Dolar (USD)
34.57
Euro (EUR)
36.00
Gram Altın
3017.21
BIST 100
9549.89
02:17 İMSAK'A
KALAN SÜRE
10 Temmuz 2021

Taçkıran Mamey 1

Sabri Hoca, Taçkıran (koronavirüs) salgını sürecinde ülkemizin gündeminde şu sloganı hiç unutmamıştı.

“Evde kal!”

Hergün televizyonlarda, radyolarda, sosyal medyada hatta şehir meydanında reklam panolarında da bu slogan vardı. Sabri Hoca, bu sloganla birlikte “Evde Kal Türkiyem, Evde Kal Güvende Kal, Türkülerle Evde Kal, Evde Kal Sağlıklı Kal,” gibi çeşitli şehirlerimizin kendine has sloganlarını da duymuştu.

Urfa’da da bir slogan vardı ki Sabri Hocayı çok etkilemişti.

“Mamey evde kal!”

Hemşehrilerinin bu orijinal sloganı Urfa’ya has bir üslupla uyarlanmıştı.

Diğer şehirlerde şahıs yokken Urfa’da bir şahsın ismiyle slogan üretmek ilginç bir durum olsa gerek. Sabri Hoca önce buna bir anlam verememişti.

Sahiden Mamey kimdi? Sabri Hoca’nın tanıdığı bütün Mameyler taçkıran salgınından önce ölmüşlerdi. Akabe Mame, Amigo Mame, Fıstıkçı Mame, bu Mameylerin en meşhurlarındandı. Hepsi de yakın zaman önce bu dünyadan göçmüşlerdi. Sabri Hoca, sonradan anladı ki Urfa’da bilinen Mameylerin dışında bir de herkes Mamey olabiliyordu. Mamey, şehrin şahsında abideleşen bir isim, bir nevi prototipti.

Sabri Hoca, taçkıran salgını sürecinde kuşçu pazarı civarında bir Memey ile tanışmıştı. Arkadaşları ona Kuşçu Mamey dese de Sabri Hoca kendince onun için yeni bir isim bulmuştu:

Taçkıran Mamey…

Sabri Hocanın tanıdığı ve tanıştığı Mamey kimdi, nasıl biriydi?
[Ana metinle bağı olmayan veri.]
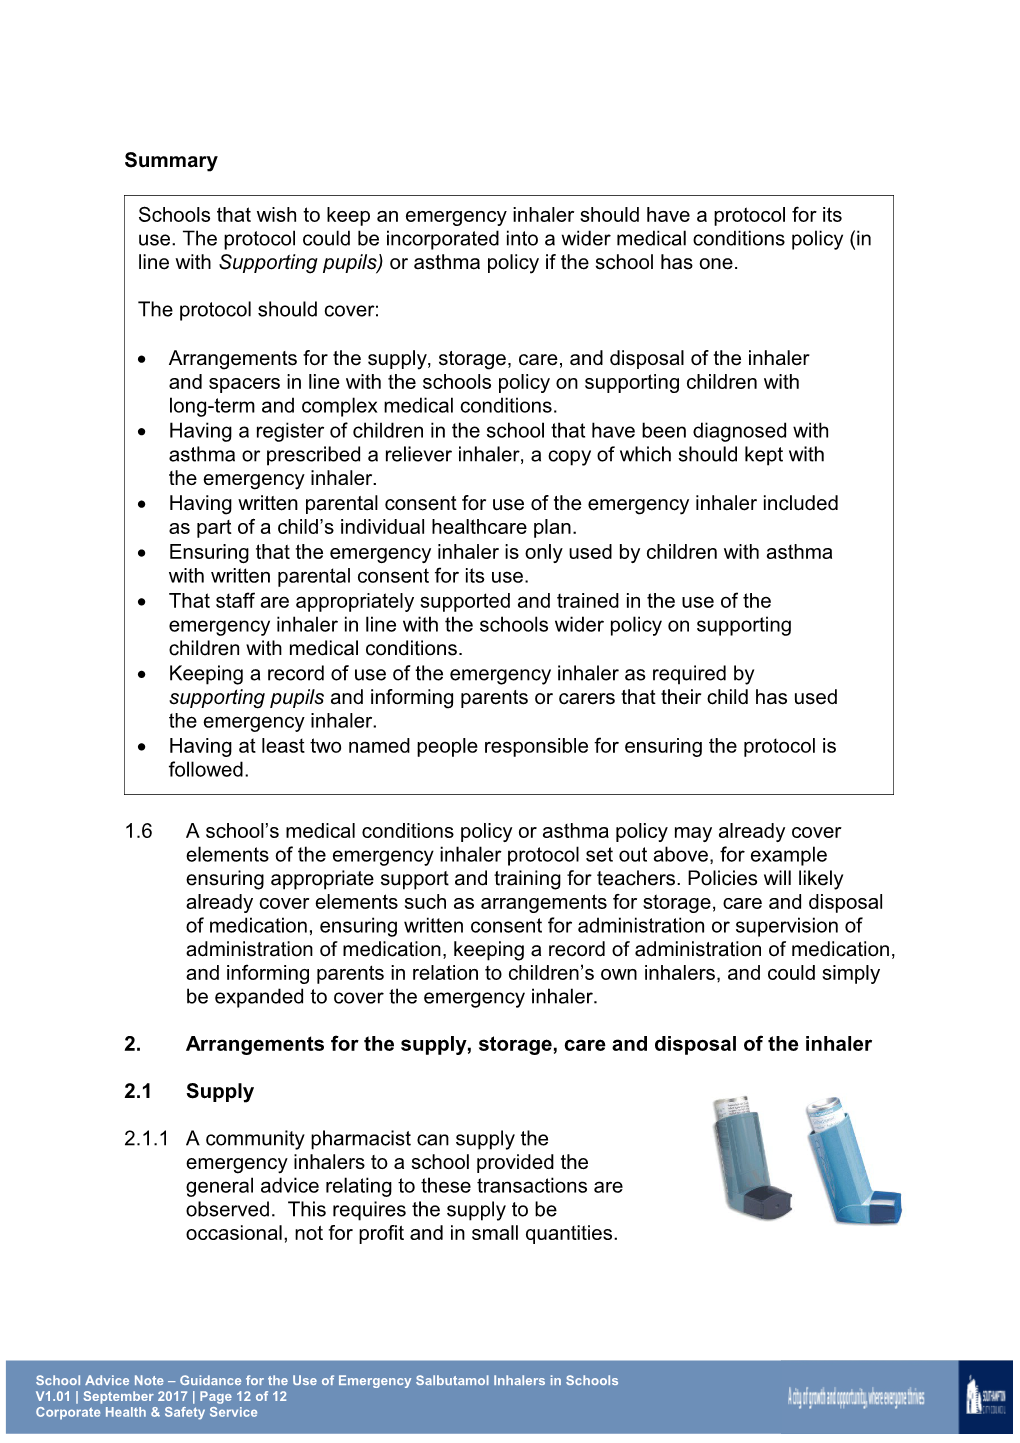 Guidance for the Use of Emergency Salbutamol Inhalers in Schools

Size biraz ondan bahsedeceğiz. Önce şu soruya da cevap verelim.

Mamey evde kaldı mı?

Hayır…

Sabri Hocanın tanıdığı Mamey, evde kalmadığı gibi kuşçu pazarına gitti. Orada kuş aldı, kuş sattı. Başka şehirlerden gelen kuşçularla da alışveriş yaptı. Kuşçu pazarında arkadaşlarıyla kuş uçurdu. Mamey, arkadaşlarıyla sohbet ederken kuşları takla attı. Taklacı-kit güvercinlerin ayrımını iyi o bilirdi. Mamey, çoğu kez zabıta baskınına uğramıştı. Ama kendince yılmadı, kuş uçurmaya, kuş satmaya devam etti.
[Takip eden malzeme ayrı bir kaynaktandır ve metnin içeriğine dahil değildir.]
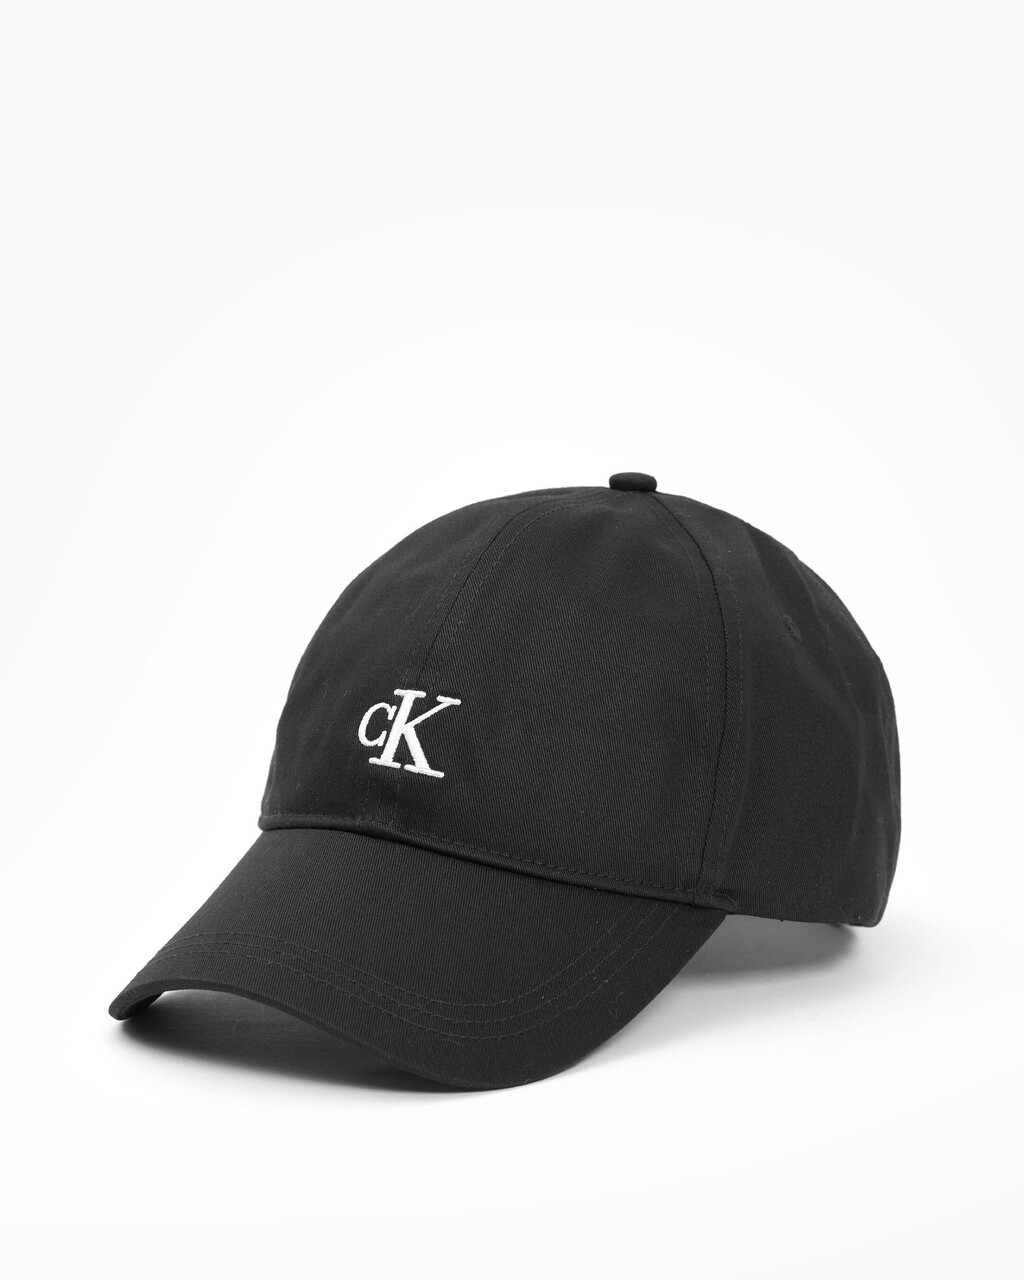 EMBROIDERED LOGO 棒球帽, BLACK, hi-res

Mamey’in yaptıkları sadece kuşçu pazarıyla mı kalmıştı. Yok yok. O, bir tiryaki gibi sosyalleşmeye devam etmiş. Arkadaşlarıyla bağ yatılarına, sıra gecelerine gitmişti. Hatta bir gün Sabri Hoca’yı da çağırmıştı. Sabri Hoca ona aşı oldun mu diye sormuştu da “ne aşısı, ne salgını” diye cevap almıştı. Hatta bir defasında Sabri Hoca ona kızacak olduğunda “Bana Taçkıran Mamey değil, başkıran Mamey, derler. Anladın mı Hoce” demiş ve adeta dişini göstermişti.
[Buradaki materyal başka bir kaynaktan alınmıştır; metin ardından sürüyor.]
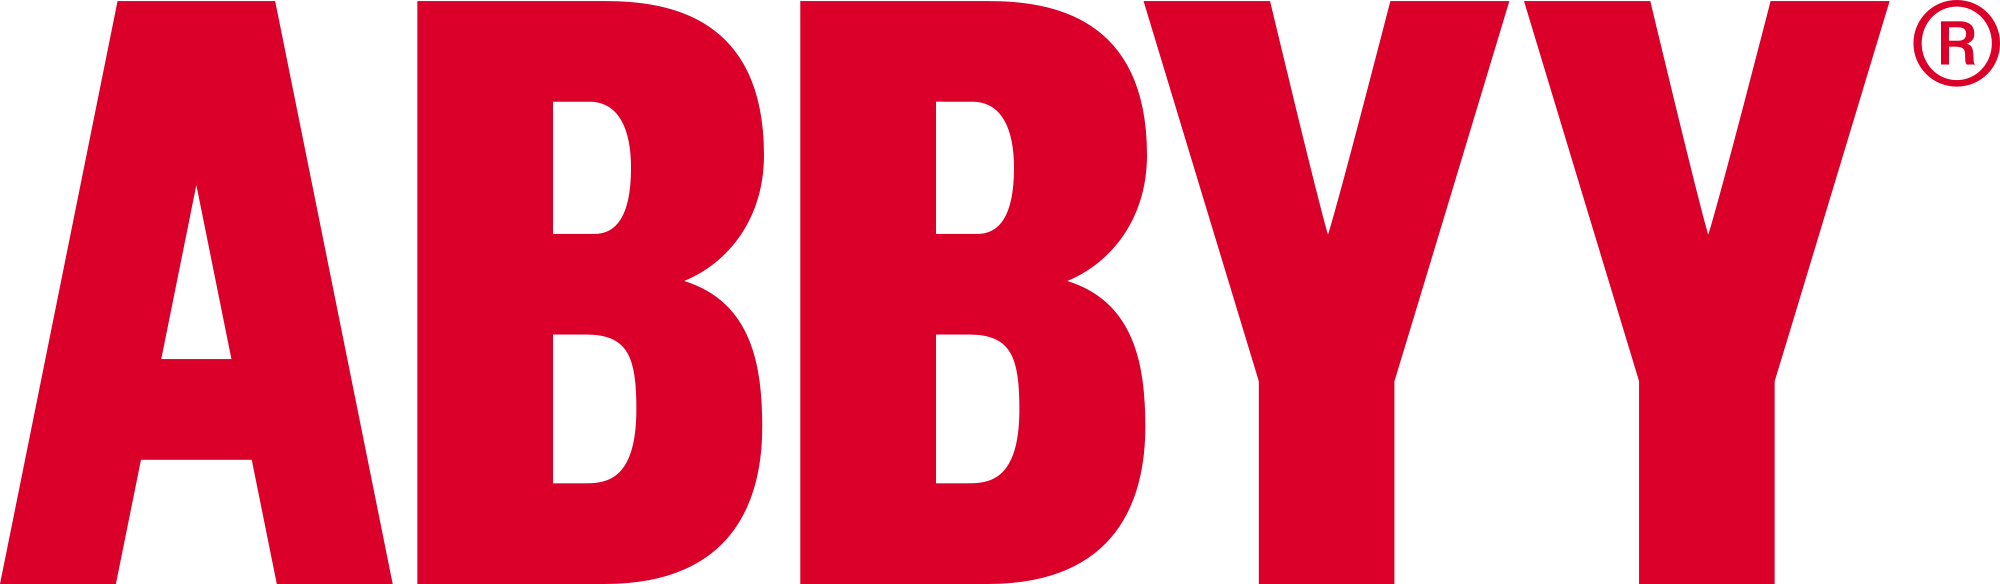 ABBYY logo.svg

Mamey, salgına inanmıyordu ama gelenek ve göreneklerine de çok bağlıydı. Taziye evleri kapanmış olsa da gizli saklı yapılan taziyelere, hatta hasta sormaya da giderdi. Mamey, bir gün sıra gecesinden dönerken Komşuları Emo Teyzenin kapısını çalar ve sıra gecesinden getirdiği çiğköfteyi ona vermişti. Aslında amacı Emo Teyze’ye çiğköfte getirmek değildi. Emo Teyze’nin kızı Zere’ye vurgundu Mamey. O bilirdi ki Zere de bu çiğköfteden yiyecekti. Sabri Hoca ise Mamey’in hiç umurunda değildi. Zaten o, Mamey'in dışarı çıkmasını istemiyor, üstüne üstelik ona bir de çiğköfte mi getirecekti..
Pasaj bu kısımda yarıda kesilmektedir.